Rockingham Forest is a former royal hunting forest in the county of Northamptonshire, England. It is an area of some  lying between the River Welland and River Nene and the towns of Stamford and Kettering. It has a rich and varied landscape, with farmland, open pasture, pockets of woodland and villages built from local stone.

History
The forest was named after the village of Rockingham, where the castle was a royal retreat. The boundaries were marked by the River Nene on the eastern side and on the western side what is now the A508 road from Market Harborough to Northampton. Over the years the forest shrank, and today only a patchwork of the north-eastern forest remains. The bulk of the remaining forest is located within a square, of which the corners are Corby, Kettering, Thrapston and Oundle.
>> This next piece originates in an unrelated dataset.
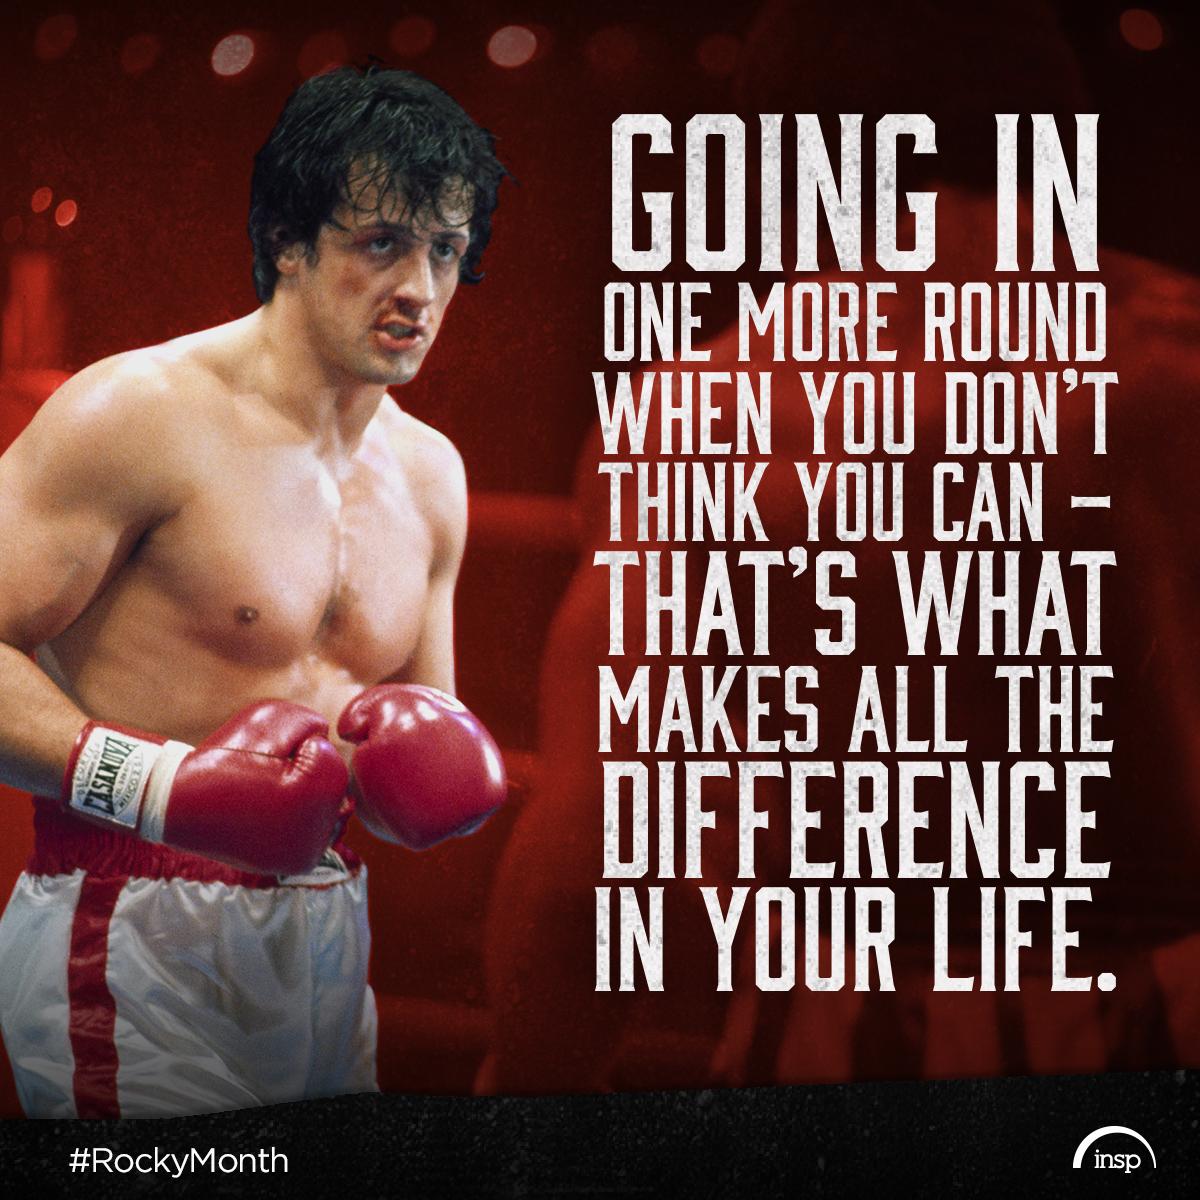 #RockyMonth

The area became a royal hunting ground for King William I after the Norman conquest. The term forest represented an area of legal jurisdiction and remained so until the 19th century.

A Cistercian abbey was established in 1143 which became known as Pipewell Abbey. In 1298 the de Lacys were granted permission to inclose  pertaining to the manor of Wadenhoe, lying within the forest, in order to make a park. The forest boundaries were set in 1299, although the boundaries returned to a smaller area as a result of King Charles I's actions. King Charles II took little interest in the forest and gave away or sold much of it. By 1792 there was no significant royal ownership of the forest area. Parliamentary enclosure of the bailiwicks and disafforestation of Rockingham bailiwick in 1832 resulted in a much smaller forest area with much of the land turned over to agriculture. The Forestry Commission took over the remnants of public woodland in 1923. The forest originally stretched from Stamford down to Northampton.

Geology
The forest extends across a tract of country underlain by sedimentary rocks of Jurassic age, a part of the great Jurassic escarpment stretching from the Cotswolds to the southwest through the East Midlands to the Humber via Lincoln Edge. Largely a mix of mudstone and limestone layers dipping gently eastwards, the sequence is this (in stratigraphic order i.e. youngest/uppermost at top):

Ancholme Group
Oxford Clay Formation
Great Oolite Group
Cornbrash Formation
Blisworth Clay Formation
Blisworth Limestone Formation
Rutland Formation
Inferior Oolite Group
Lincolnshire Limestone Formation
Grantham Formation
Northampton Sand Formation

The plateau is largely covered by glacial till of a stony, clayey nature. Exploitation of the ironstone within the Northampton Sands was the basis for the once-important iron and steel industry in Corby on the western edge of the forest.

Management
Areas managed by the Forestry Commission include:

 Southey Wood, Peterborough
 Wakerley Great Wood
 Bedford Purlieus National Nature Reserve
 Fineshade Wood
 Fermyn Woods

It is famous for its population of red kites which now number 300.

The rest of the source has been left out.